The hazard ratio (HR) adjusted by propensity score demonstrated longer OS associated with perioperative HAI (HR, 0.67; 95% CI, 0.59 to 0.76; P < .001). Detailed results of propensity score analysis are listed in Appendix Table A1 (online only).

Subgroup Analyses

The differences in median OS between patients with and without HAI are listed in Table 2. HAI was associated with an improved OS in all subgroups except for patients with EHD, a positive resection margin, or a CRS of 4 or 5. In general, the difference was smaller with more advanced disease, such as a CRS of 4 or 5, or 10 or more tumors. Subgroups with a node-negative primary tumor or a low CRS (0 to 2 points) had a pronounced difference in median OS between those treated with and without HAI. Other subgroups with a difference in median OS between patients with and without HAI of > 24 months included: age > 65 years, metachronous tumors, disease-free interval of > 1 year, and four or fewer tumors resected.

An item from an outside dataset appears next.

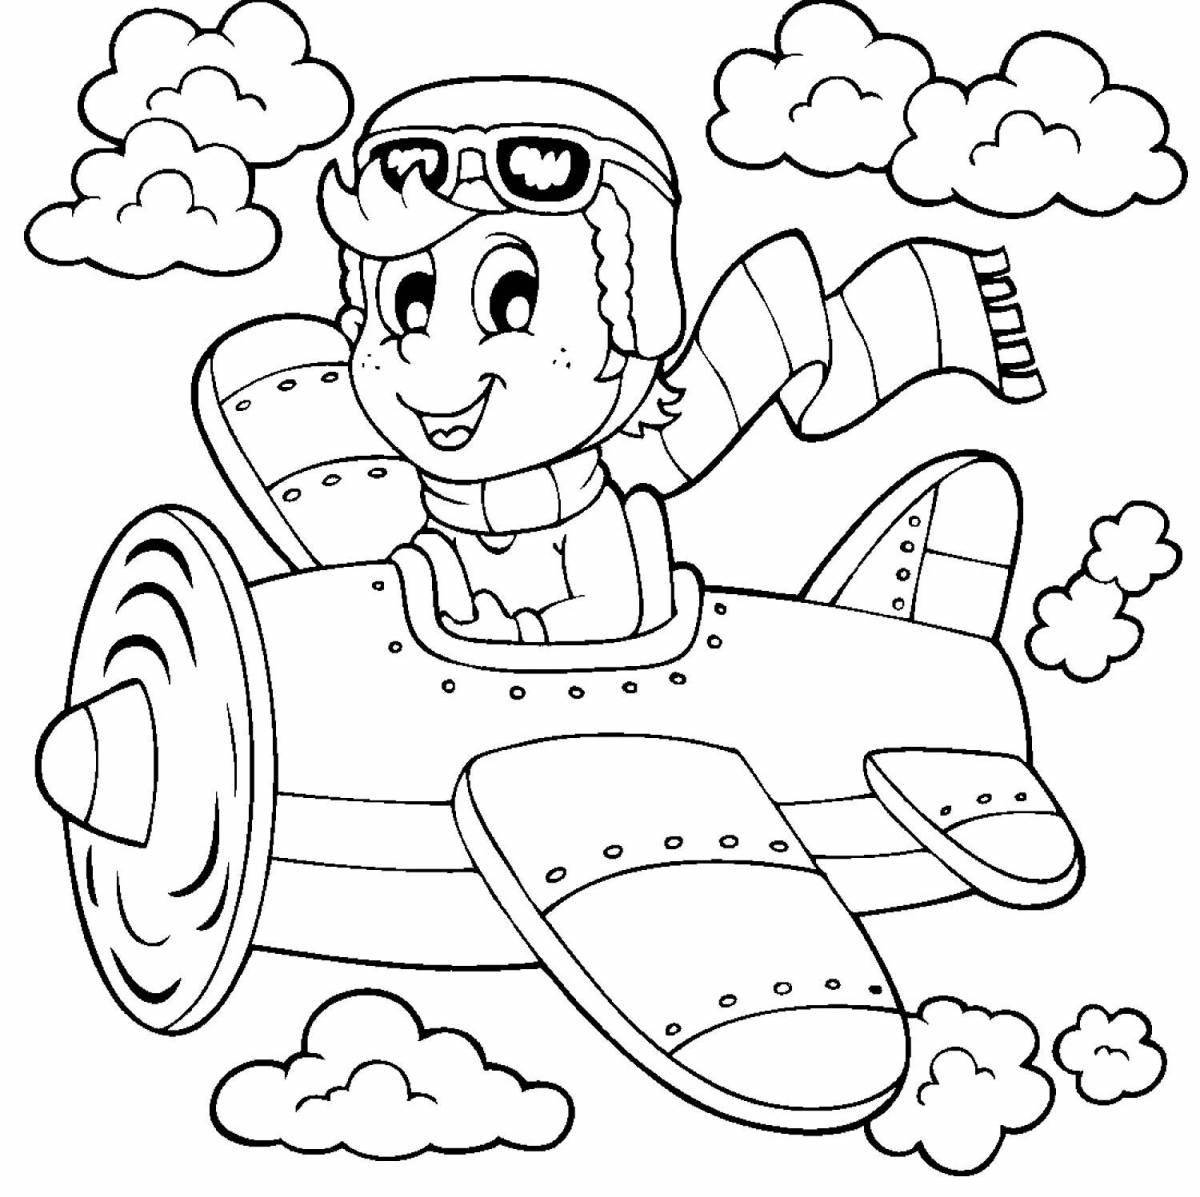 Playful military coloring for toddlers

In this study with 2,368 consecutive patients who had a complete resection of CLM, we found that the median OS for patients treated with HAI was 67 months as compared with 44 months for those treated without HAI (P < .001). In propensity score analysis, the same strong association with OS was found with an adjusted HR for HAI of 0.67 (P < .001).

These results are consistent with our previous phase III trial.8,9 In the era of modern systemic chemotherapy, we performed a matched cohort analysis (n = 250) and found that adjuvant HAI was independently associated with improved disease-free survival (HR, 0.39; P < .01).23 The current study confirms in a much larger and consecutive cohort that HAI is associated with improved OS (67 v 47 months; P < .001) in patients (n = 1,442) who received perioperative modern systemic chemotherapy.

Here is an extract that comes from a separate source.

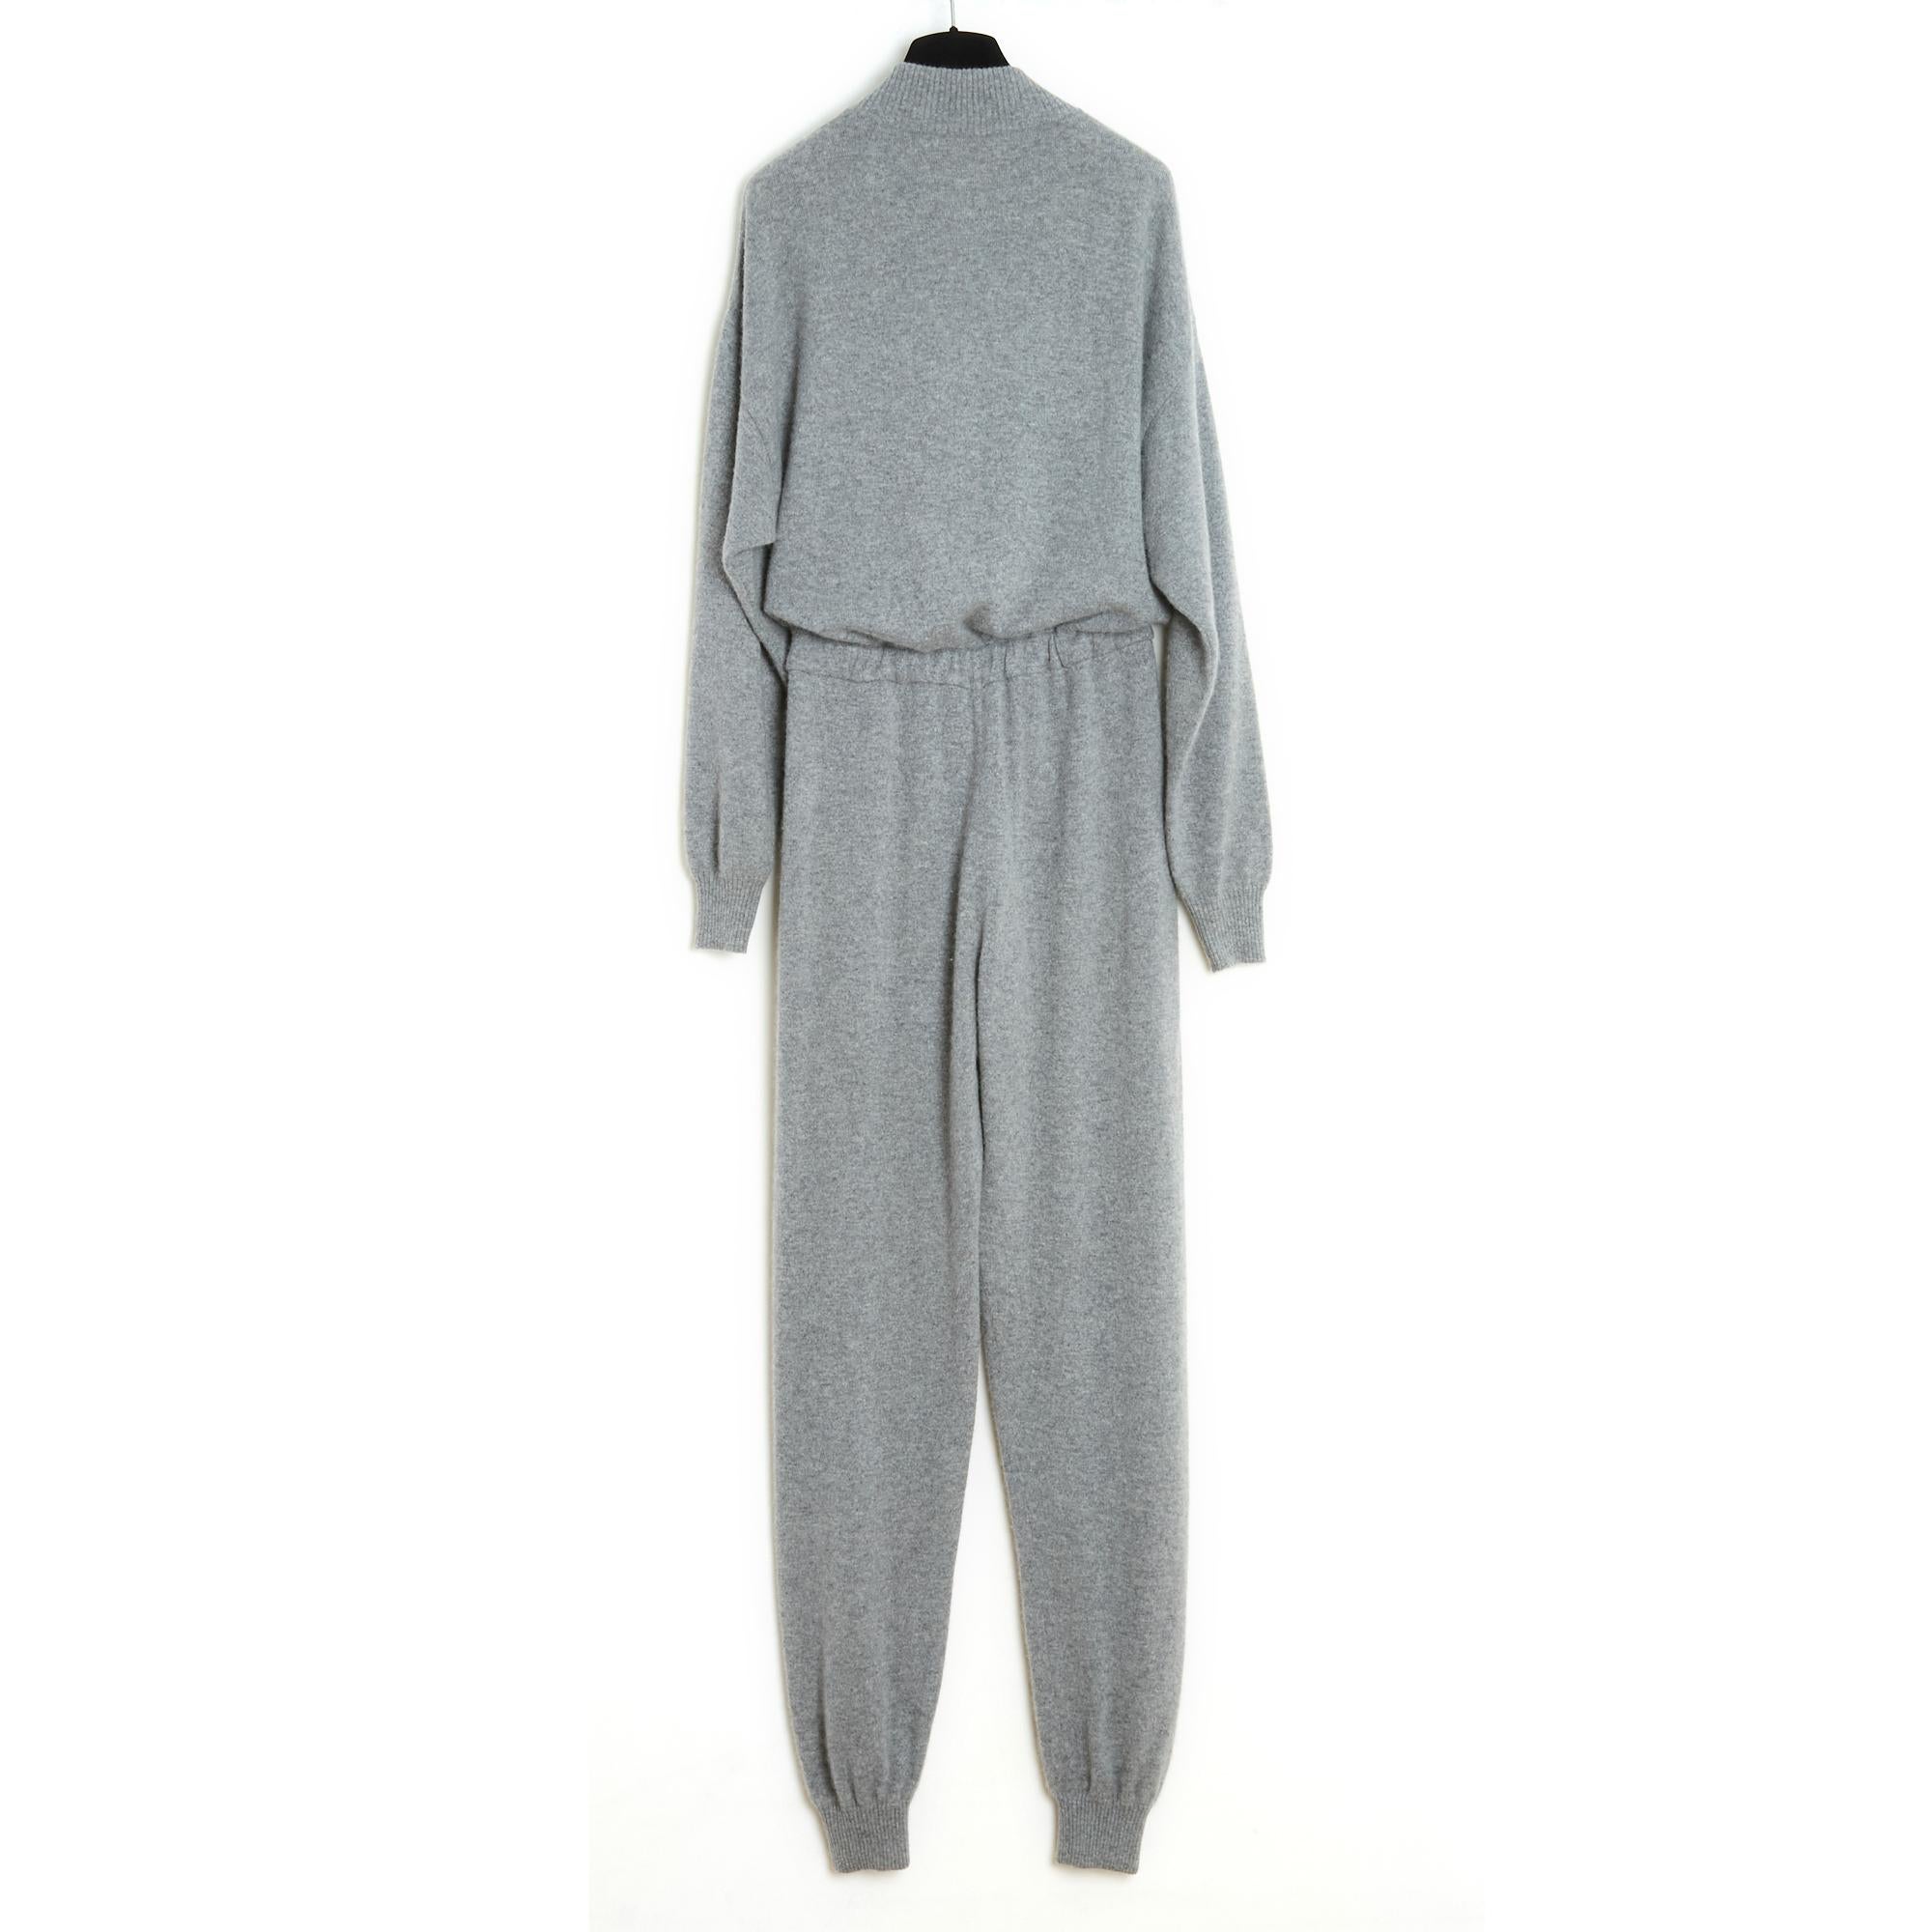 FW1991 Chanel Iconic Grey Cashmere Jumpsuit FR38/40 Pristine For Sale 3

OS for patients in this study without HAI was similar to OS in other large studies without HAI. For example, one of the largest published series on resected CLM is from two centers in the United Kingdom including 2,715 patients between 1987 and 2010.24 None of these patients received HAI. The median OS was 45 months, which is nearly identical to the 44 months in the no-HAI group (n = 1,583) of the current study. In contrast, the median OS in the HAI group (n = 785) of the current study was 67 months, even though these patients had more advanced disease (eg, 55% high CRS).

In this study we also demonstrated that HAI is associated with improved OS in all subgroups except patients with EHD, a positive resection margin, or a CRS of 4 or 5. In general, the improvement in OS with HAI was smaller with more advanced disease. Patients with node-negative colorectal cancer (n = 908) showed the largest difference in median OS: 129 months for patients with HAI and 51 months for patients without HAI (P < .001). Patients with a low CRS (n = 1,129) had a median OS of 89 months with HAI and 53 months without (P < .001). Patients with fewer than five CLM also had better OS with HAI chemotherapy. These results are promising, because adjuvant systemic chemotherapy failed to prolong OS in patients with fewer than five CLM.3 We hypothesize that patients whose disease was less likely to progress outside the liver (eg, patients with a low CRS and no EHD) were more likely to benefit from perioperative HAI. Several subgroups (eg, N2 primary tumors) had a smaller but clinically relevant difference in OS with HAI. Patients who are unlikely to benefit from HAI (eg, patients with EHD) should be considered for systemic chemotherapy alone.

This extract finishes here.